Wednesday, March 19, 2008

National Achievement and Inequality

I'm in New York City right now attending the meetings of the Comparative and International Education Society (CIES). I've been mostly hiding away in my room desperately trying to prepare my presentation for this afternoon (Tuesday). As such, I do not yet have much of interest to report other than about my paper.

My paper did not live up to my expectations for it, but I think my presentation made sense and I found one interesting thing. The basic motivation for the paper was to find out why some countries have a small spread in achievement and some countries have a large spread in achievement. In the end, I couldn't really find much that looked like compelling predictors for whether achievement in countries would be more or less spread out.
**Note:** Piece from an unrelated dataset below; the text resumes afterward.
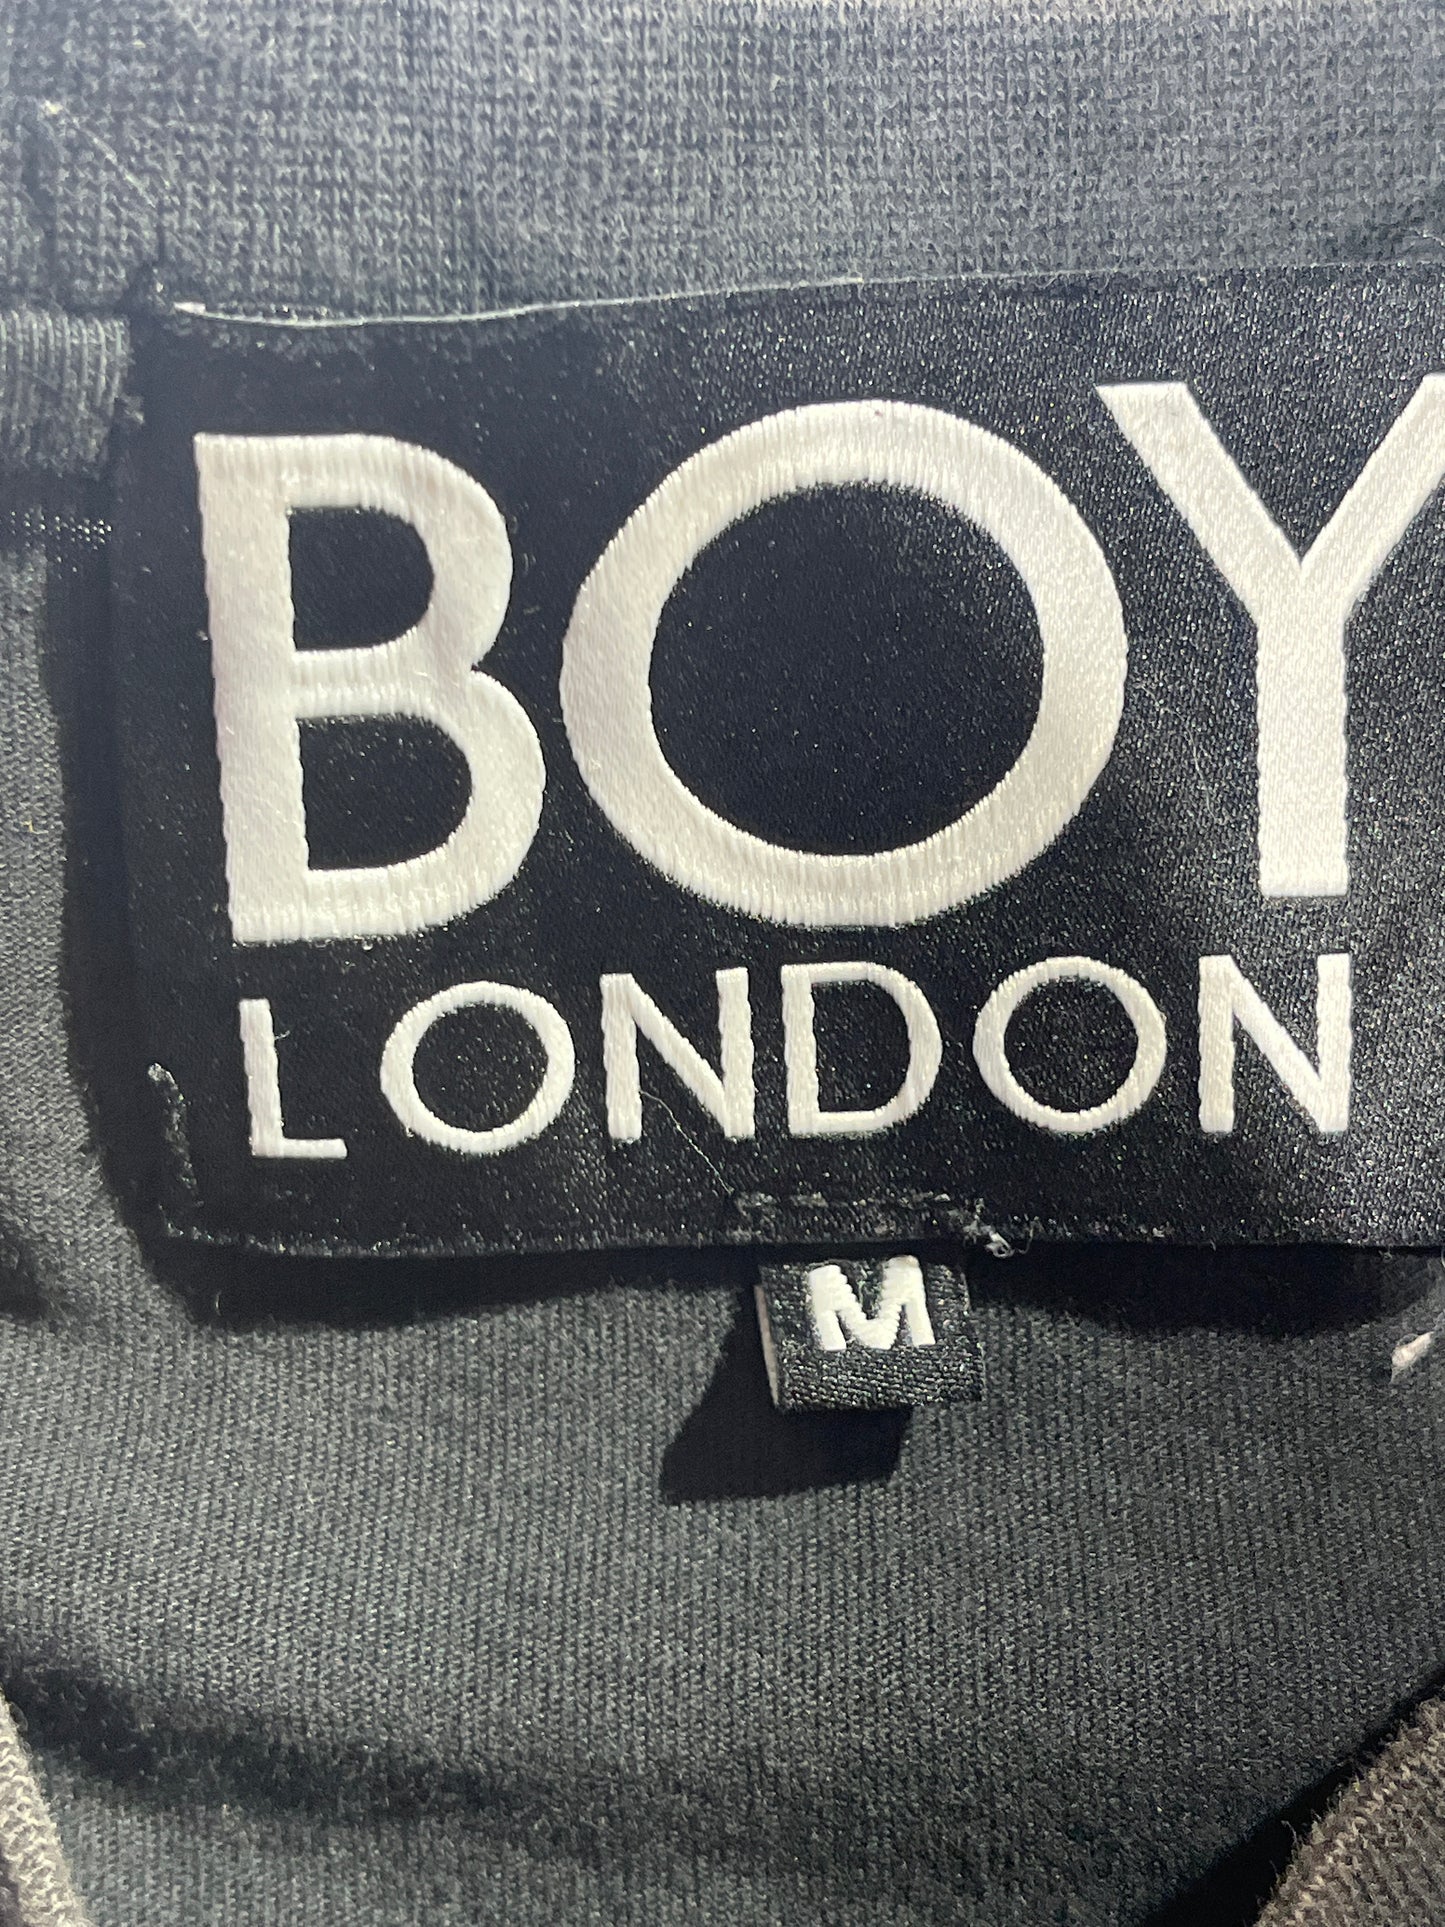 Vintage Boy London T-Shirt

But I did find one thing that surprised me. The last thing that I checked on, mostly out of curiosity since it was really only tangentially related to my topic, was whether higher performing countries had more or less equality. I had a couple different measures of variation in achievement, and I compared them to the median score on the TIMSS (an international assessment involving about 50 countries the last time) and found a really strong correlation between equality and achievement (about .8, p<.001 for you stats nerds), meaning that, within the TIMSS countries, that higher achieving countries were distinctly more equal than lower achieving countries. When I compared performance on TIMSS to spread on PISA (another international assessment) the relationship still held and was moderately strong (about .4, p<.001).

The strength of the relationship was of a level that one just doesn't find while doing research, so I was sure I was doing something wrong, but nobody has given me reason to think that this isn't true and I can't think of any.
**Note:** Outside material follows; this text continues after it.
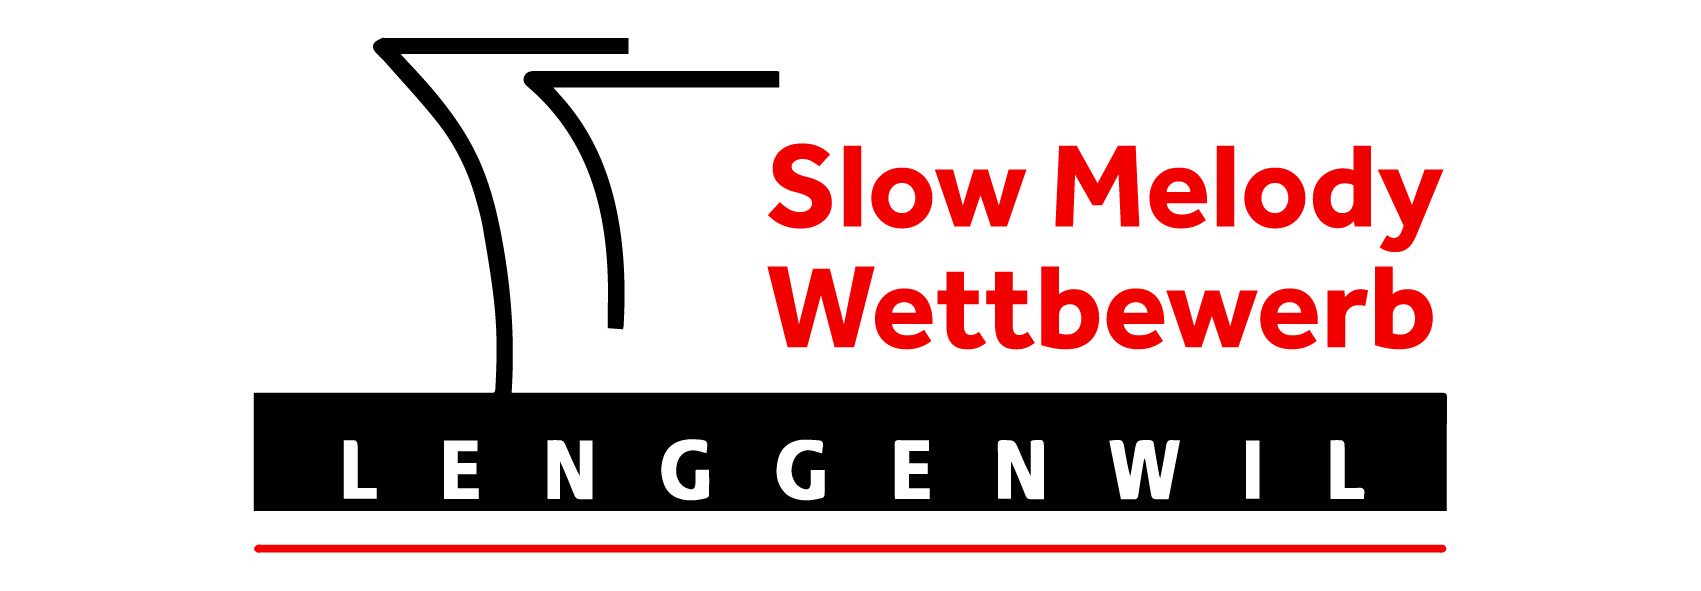 Slow Melody Wettbewerb

I don't know what this would look like for different assessments, different years, different subjects, and different ways of measuring variance (or spread, or inequality, or whatever you want to call it), but it's a result that could potentially be meaningful. It's at least as possible, of course, that the result is either meaningless or won't hold up with other data, but I think it's worth further investigation.
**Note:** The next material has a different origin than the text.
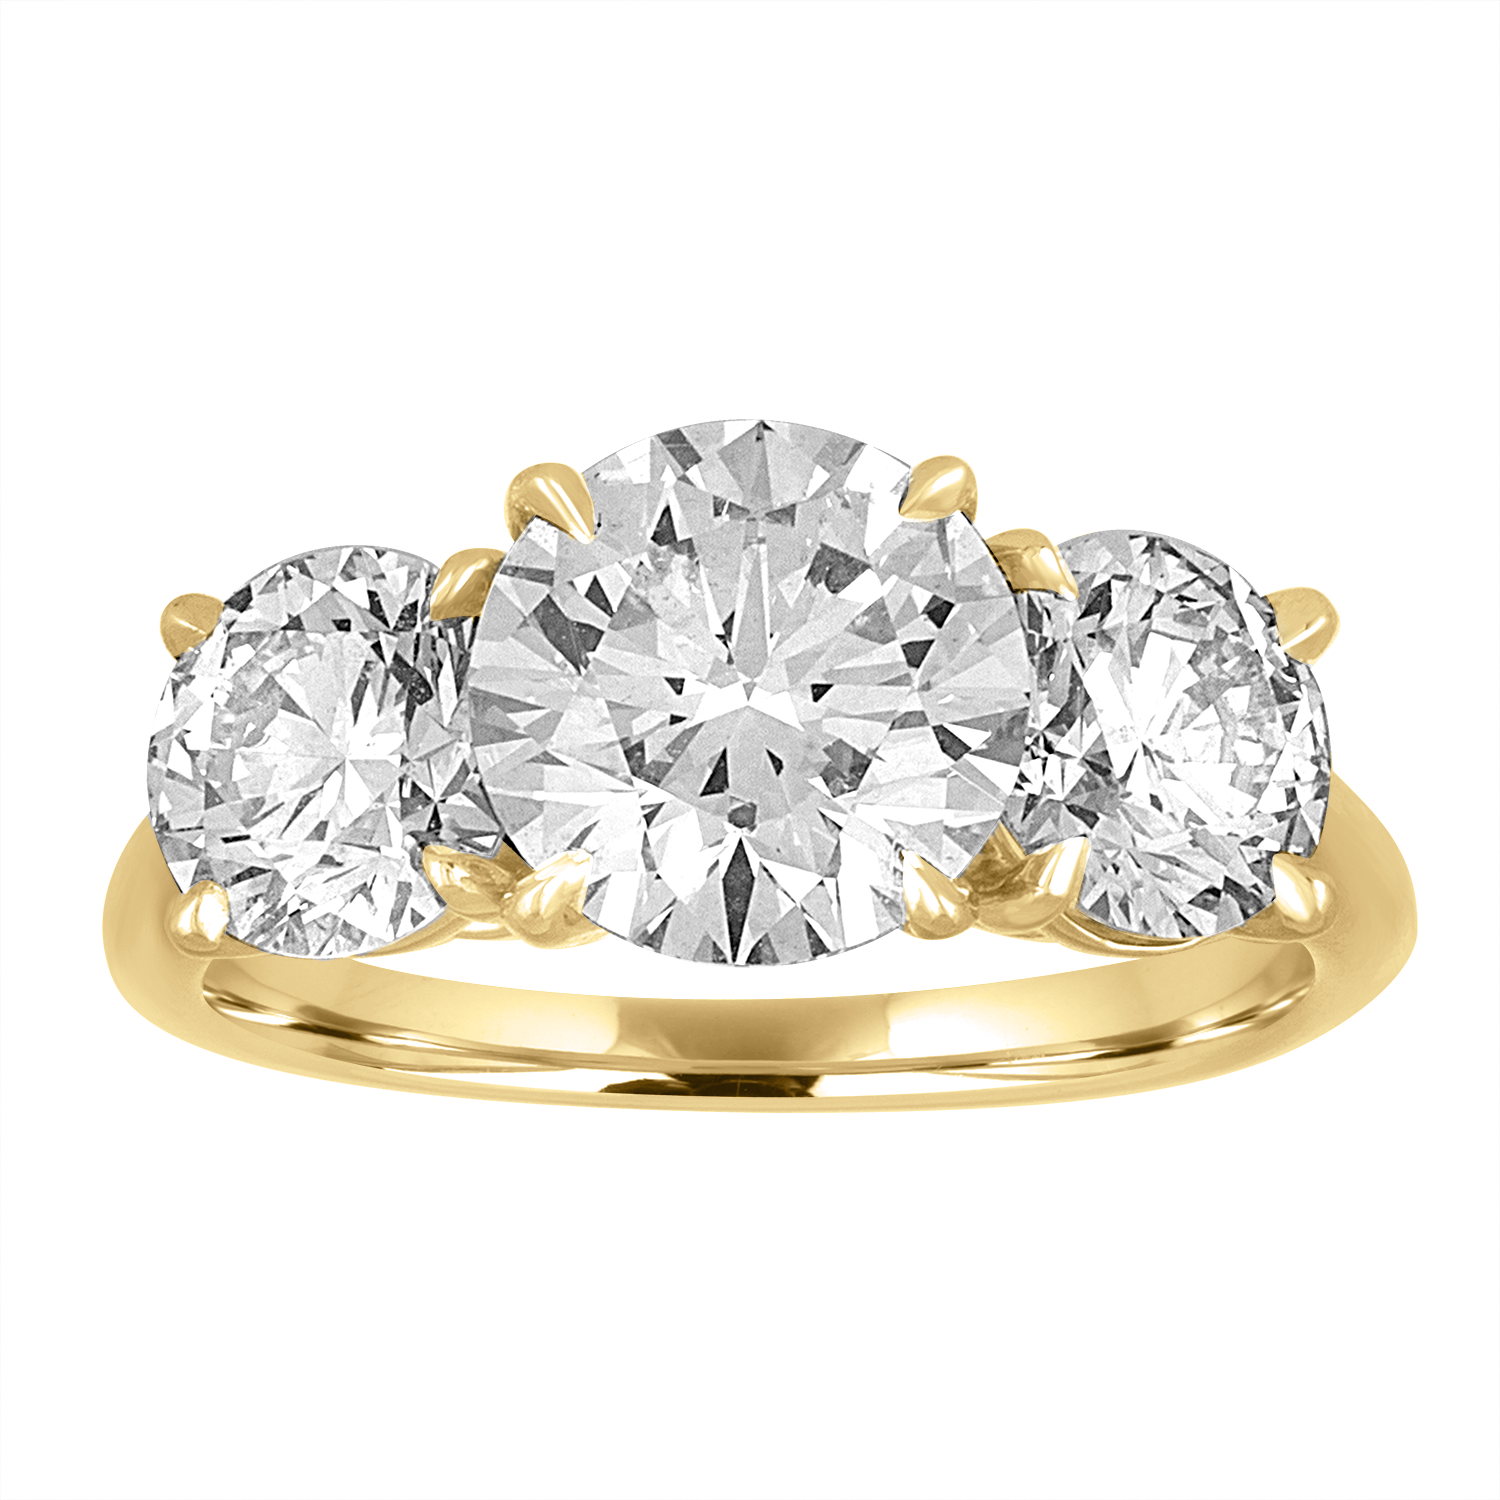 my beautiful ring 😍 : r/EngagementRings

As of this moment, I'm seeing that more equality=higher achievement and wondering whether that means what one might assume it means.


Rachel said...

One selection bias that could produce the correlation would be if the countries that were higher achieving (and showed less inequality) in fact tested a smaller (and more uniformly high achieving) cohort of students than the countries with lower achievement and more inequality.

Corey Bunje Bower said...

Yes, that's true. I know that the sampling for the international assessments hasn't been perfect, but I'm not sure if there's any reason to believe that there's a systematic bias toward sampling less diverse groups in higher achieving countries. Though I guess avoiding sampling the lowest achievers in a country would both narrow the achievement gap in your country and raise the median score. I'll look into it. Thanks.